In realtà, i punti di scontro tra le due potenze vanno ricercati soprattutto nel mancato allineamento degli al-Thani alle politiche degli al-Saud, soprattutto per quanto riguarda i rapporti con l’Iran, e l’ospitalità offerta dal Qatar ai membri dei Fratelli Musulmani in fuga dalla repressione di Abd al-Fattāḥ al-Sīsī, in Egitto. Con quest’ultima operazione, il Qatar sembra voler mettere in chiaro la sua posizione: il Paese e la famiglia reale sono ancora forti, portano a termine l’acquisto più oneroso della storia del calcio e ospiteranno i Mondiali 2022 mettendo in vetrina proprio il loro “gioiello” più prezioso.
Ma di “conquiste silenziose” come questa, in Europa, la famiglia al-Thani ne sta portando avanti molte da anni e in tutti i settori. Il fondo d’investimento che fa capo agli emiri di Doha detiene quote e fa parte dei consigli di amministrazione di banche, multinazionali, club sportivi, hotel di lusso, compagnie aeree, finanzia opere di beneficenza e la costruzione di moschee. Per fare qualche esempio, la Qatar Investment Authority, proprietaria del Psg attraverso il Qatar Sports Investments, detiene quote di Barclays, Credit Suisse e del London Stock Exchange, è proprietaria dei grandi magazzini Harrods e di quote in multinazionali come Volkswagen, Airbus, Sainsbury’s.
La soft power strategy dei reali di Doha coinvolge da anni anche l’Italia. Con la Katara Hospitality, sempre legata alla Qatar Investment Authority, l’emirato ha acquistato numerosi hotel di lusso nelle principali città italiane, come il Gallia di Milano o il Westin Excelsior di Roma, e in Costa Smeralda, dove il fondo sovrano ha rilevato la Smeralda Holding, proprietaria di numerose strutture, tra cui il famosissimo Hotel Cala di Volpe. Per essere sicuri di poter gestire i trasferimenti da e per la Sardegna, poi, Qia ha messo gli occhi sulla compagnia Meridiana, con un closing atteso a breve e rallentato proprio dalla crisi diplomatica con l’Arabia Saudita.

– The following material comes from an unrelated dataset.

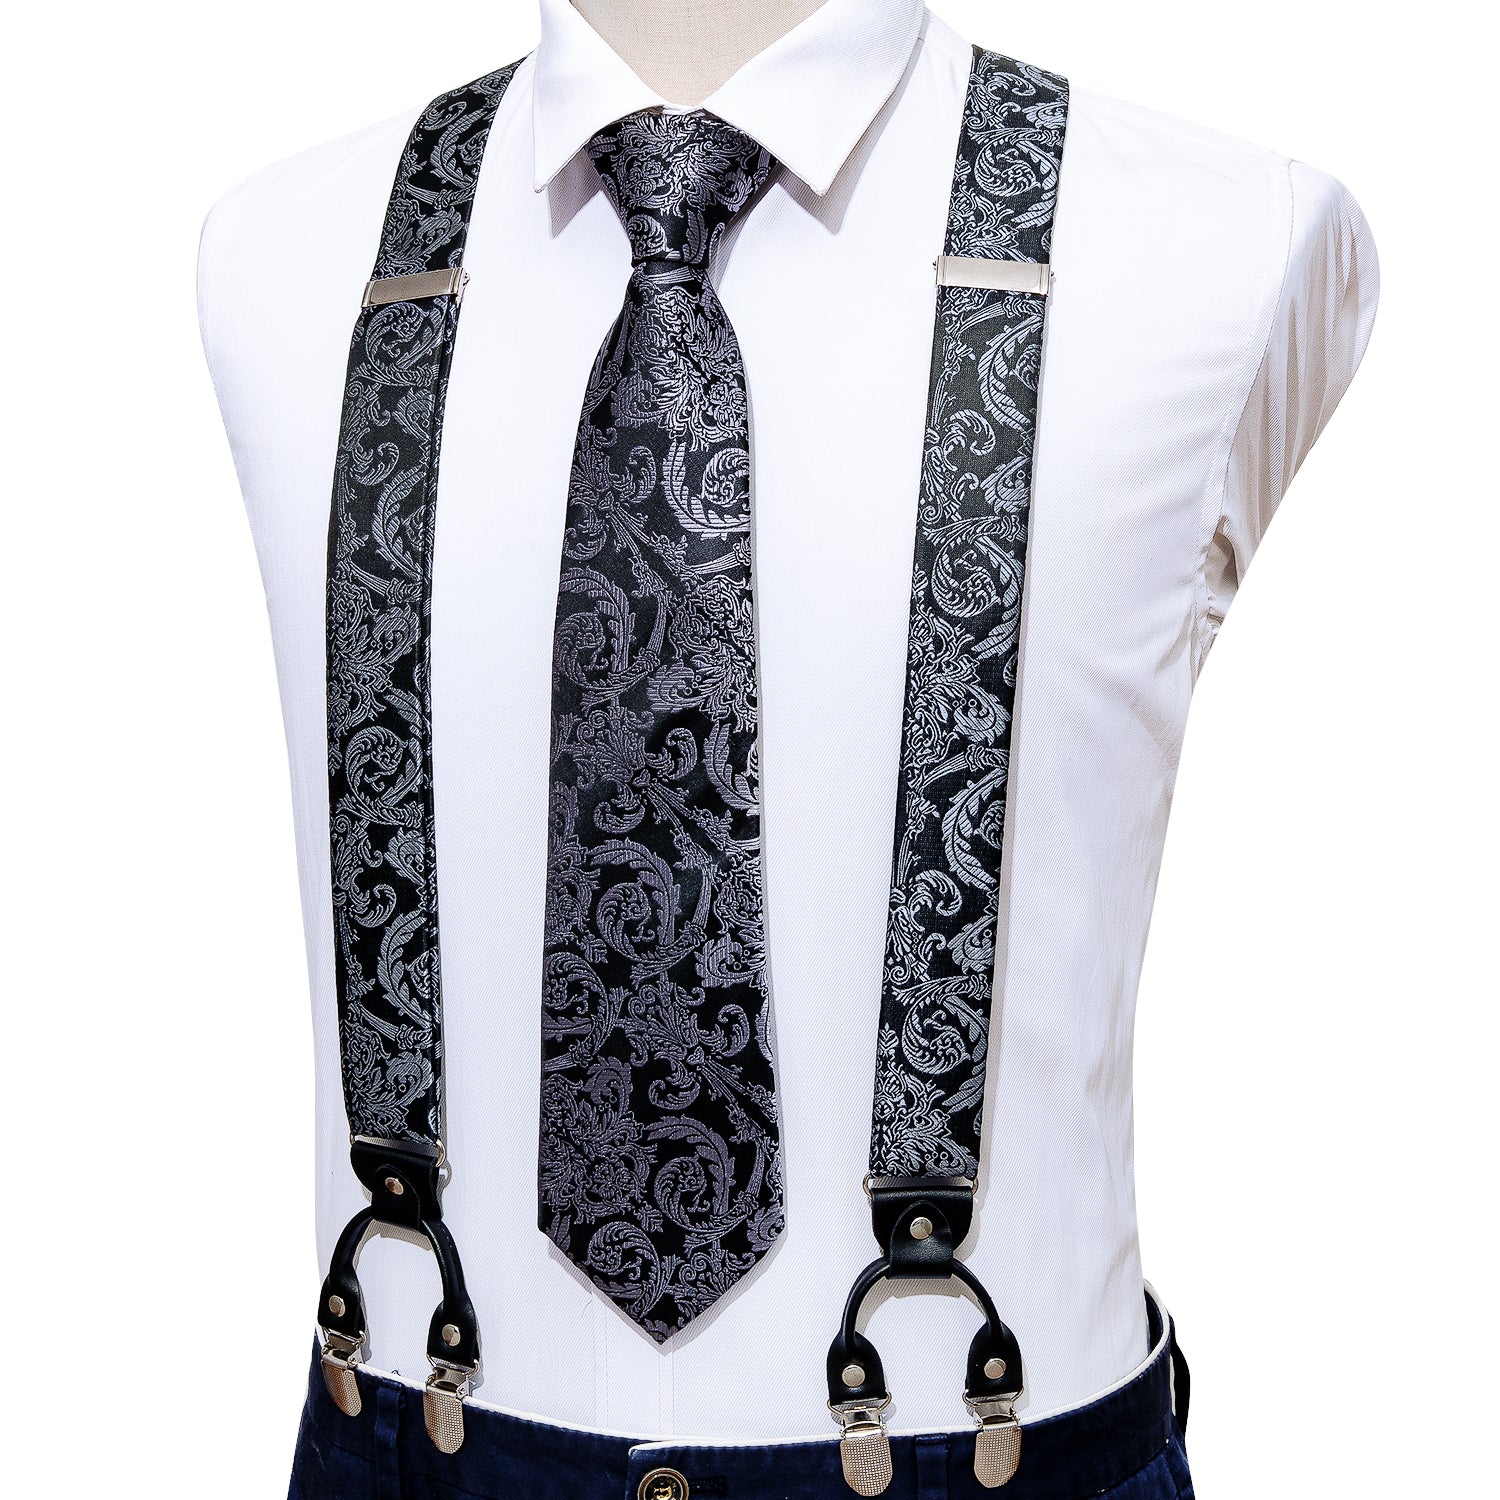 Black Grey Floral Tie Y Back Adjustable Suspenders Tie Set

I soldi degli al-Thani nel Belpaese, però, arrivano anche attraverso opere filantropiche. La Qatar Charity, formalmente organizzazione non governativa ma strettamente legata a membri della famiglia reale, sta finanziando 43 nuove moschee e centri islamici in Italia, per un esborso totale da 25 milioni di euro. Ne sono un esempio le moschee di Ravenna, Colle Val D’Elsa, Saronno e Centocelle.